"Dear Mrs. Grey," Rob read. "I hope you are all enjoying the health at present which we are. He is not better, but remains much the same. I am about as usual. I received your letter which I now take my pen in hand to answer and would say that I do not know of any objections to renting our farm but the contrary because the taxes runs up pretty fast and when it is not worked it goes all to pieces. The hundred dollars which you mention as the price the man you wrote about will pay is more than we could get from any one round there but there is not no reason why you ought to tell him this if he wants to pay that much and we don't mind what use it gets so as we get the money regular. So if he wants it we will let him take it and be a relief off our minds more my mind than his because I got to take the care now he is laid up. What you say about Maimie sounds all right to me. I don't feel as if I could stand in her way if you think musics what she can do best of course she will have her own living to earn some-way. In the matter of education I do not feel as if I had enough myself to speak about it I can make out to spell right I guess because there is always a dictionary and nobody has no need to spell bad but for the rest I guess I had better leave it to you to do what you think is best about Maimie. I hope she knows that she is lucky to have such friends raised up to her when her father's stricken down and tell her to mind what you tell her and study hard. I guess she won't ever be our child again when she has got through studying. But it don't matter if she gets through her life better than we have. Her father would like to be remembered to you if he was just himself, but to-day is one of his times when he is sort of queer in his head. My love to Maimie, and my regards to all the family particularly Roberta.

"Yours respectfully. Rebecca Ann Flinders.

"P. S. Excuse mistakes and my poor writing my hand is sort of cramped from not writing much and doing housework."

"Oh, dear," sighed Rob, wiping away the tears of mingled amusement and pity which had risen in eyes quick to respond to both. "Isn't it funny? Spelled correctly, as she says, but guiltless of punctuation! And isn't it pathetic?"

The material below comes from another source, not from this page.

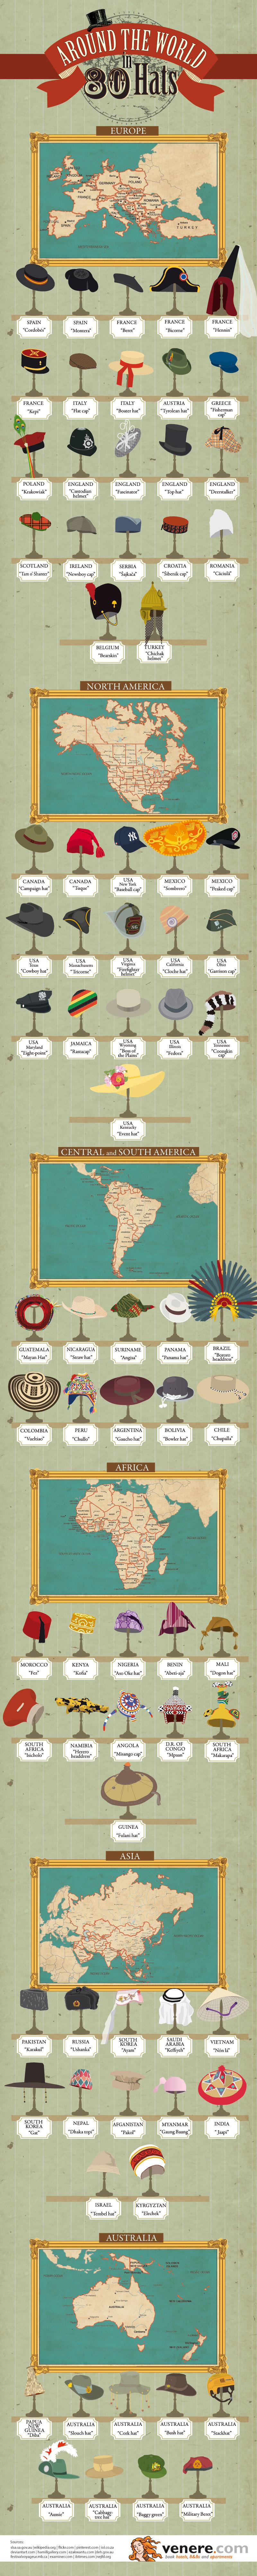 Around The World In 80 Hats

"Very, when she says Polly will never be their child again—and I'm afraid it is true," said Mrs. Grey.

"But for all that she desires the child's best good; there spoke the mother, revealed in spite of ignorance, as eloquently as mother-love can be expressed," said Cousin Peace.

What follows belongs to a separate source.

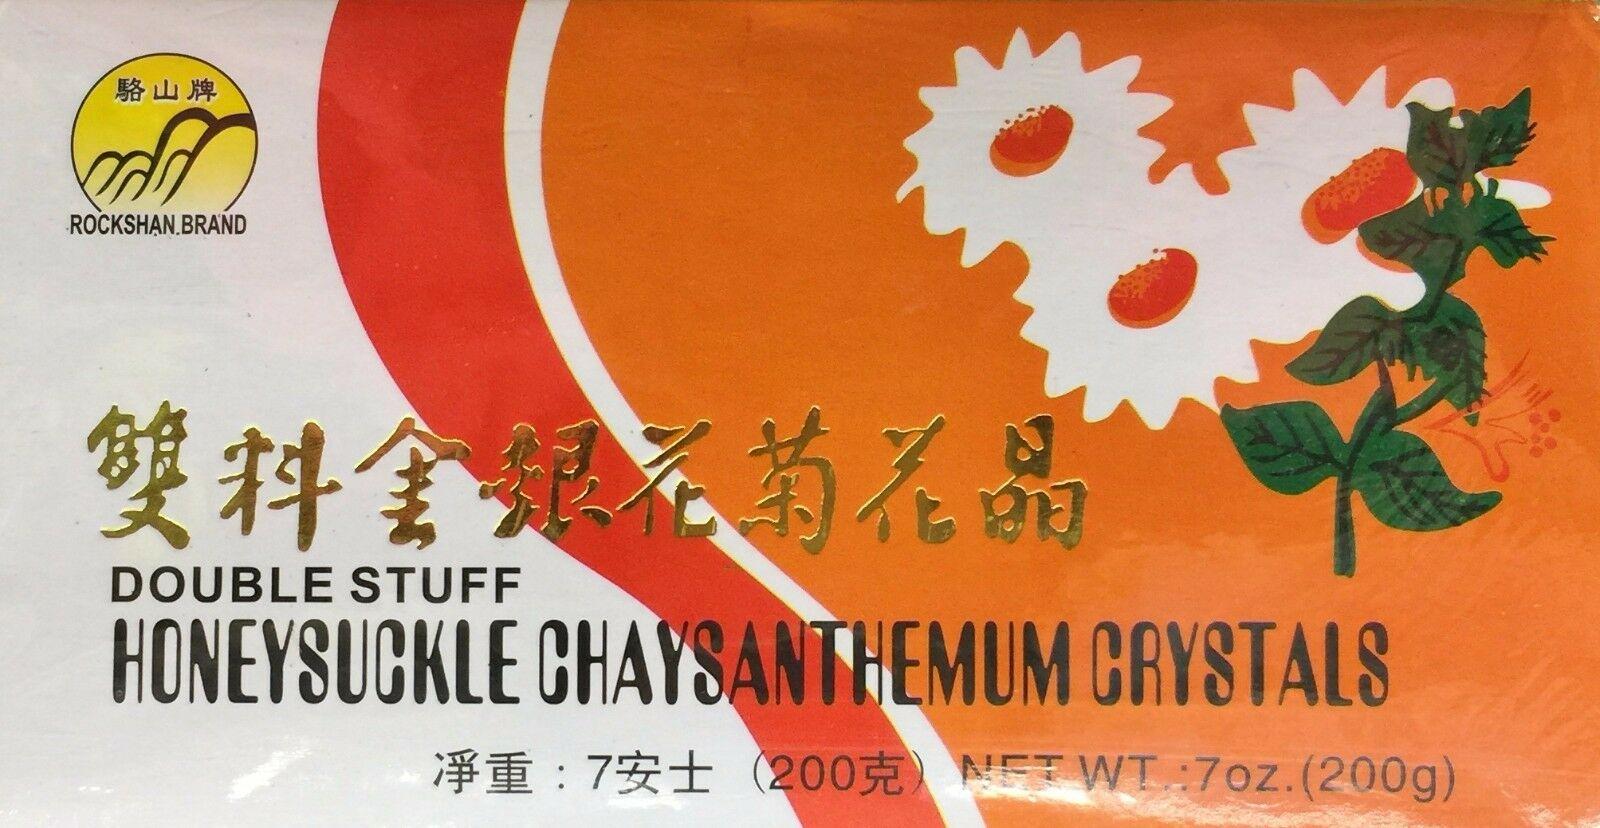 ROCKSHAN Double Stuff Honeysuckle Chaysanthemum Crystals 7 OZ

"This is certainly for Polly's best good," said Wythie. "I wish one were less often half sorry for succeeding in this world! However, we can now write Mr. Armstrong; Polly can be regularly installed as the next heir to his fund, and he can hire the farm, and Hester can begin her home for cripples without much longer delay."

"It seems to me we are getting into charities without any effort on our part," observed Rob. "We live our uneventful, commonplace lives, and a sort of warm gulf stream of the milk of human kindness is at once penetrating us and bearing us away upon its bosom."

"Dear me, Rob, what oratory!" laughed her mother.

"Literary style, gained from composing my stories and telling them to the children," explained Rob.